Datasets
Standard Dataset
PLUM
- Citation Author(s):
- Submitted by:
- Ming Ni
- Last updated:
- Mon, 07/08/2024 - 15:58
- DOI:
- 10.21227/0h01-3x31
- License:
- Categories:
Abstract
Accurate recognition of targets in the orchard environment is the key to vision perception for picking robots. Factors such as small, densely growing plum fruit targets and high occlusion lead to unsatisfactory recognition of plum fruit by vision algorithms. Therefore, this paper proposes an improved YOLOv5s model to detect highly occluded and dense plums in orchards. First, the backbone network of YOLOv5s is improved in this paper. A new structure Focus-Maxpool module is used to replace the downsampling convolution in the backbone network, so that the model can retain more feature information of highly occluded targets and small targets when downsampling, thus improving the detection performance of occluded targets and small targets. Second, the loss function is improved in this paper. The weighted loss of focal loss and cross entropy function is used as the classification loss of the model to reduce the interference of noise on focal loss and improve the recognition ability of the model for adhering targets. Finally, several testing experiments were designed to evaluate the model's performance. The results show that the improved YOLOv5s model has better average precision than YOLOv5s, YOLOv4, Faster-RCNN, SSD, and Centernet. Compared with the results of the YOLOv5s model, the improved model's average precision, recall, and accuracy are improved by 2.84%, 9.53%, and 1.66%, respectively, compared with the original model. Moreover, the detection speed of the improved model can reach 91.37 frames/s, which can meet the demand for real-time detection. The results show that the improved detection model has high accuracy and robustness in natural orchard environments, which can provide data reference for the research of picking robots and the work of orchard environment monitoring.

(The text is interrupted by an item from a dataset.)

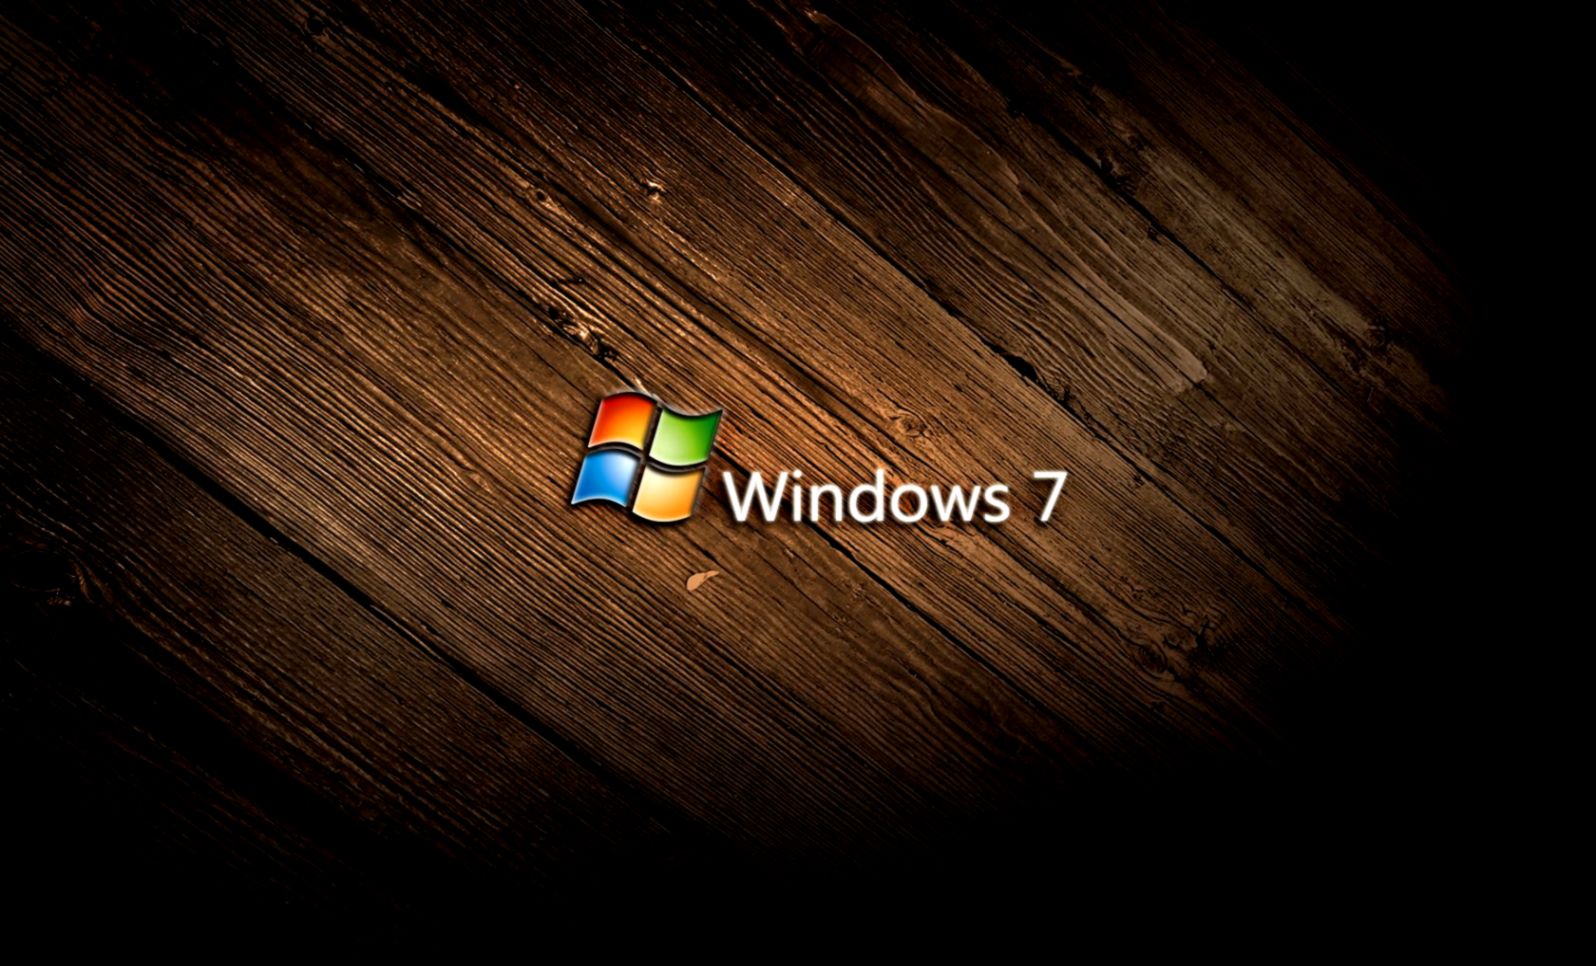 Bạn là người yêu thích Windows 7 và muốn tìm kiếm những hình nền HD đẹp mắt cho màn hình máy tính của mình? Hãy thử khám phá ngay bộ sưu tập hình nền Windows 7 HD wallpapers để tạo ra một giao diện máy tính đẹp và phong cách hơn.

The summary of the dataset for LiDong's object detection is that it is a collection of labeled images aimed at training computer vision models to detect li fruits in various scenes and environments. Each image in the dataset has been manually annotated with information including the location and size of the li fruit within the image. This dataset can be used to train object detection models that enable computers to automatically identify and locate li fruits in images, which has important applications in fields such as agriculture and food safety.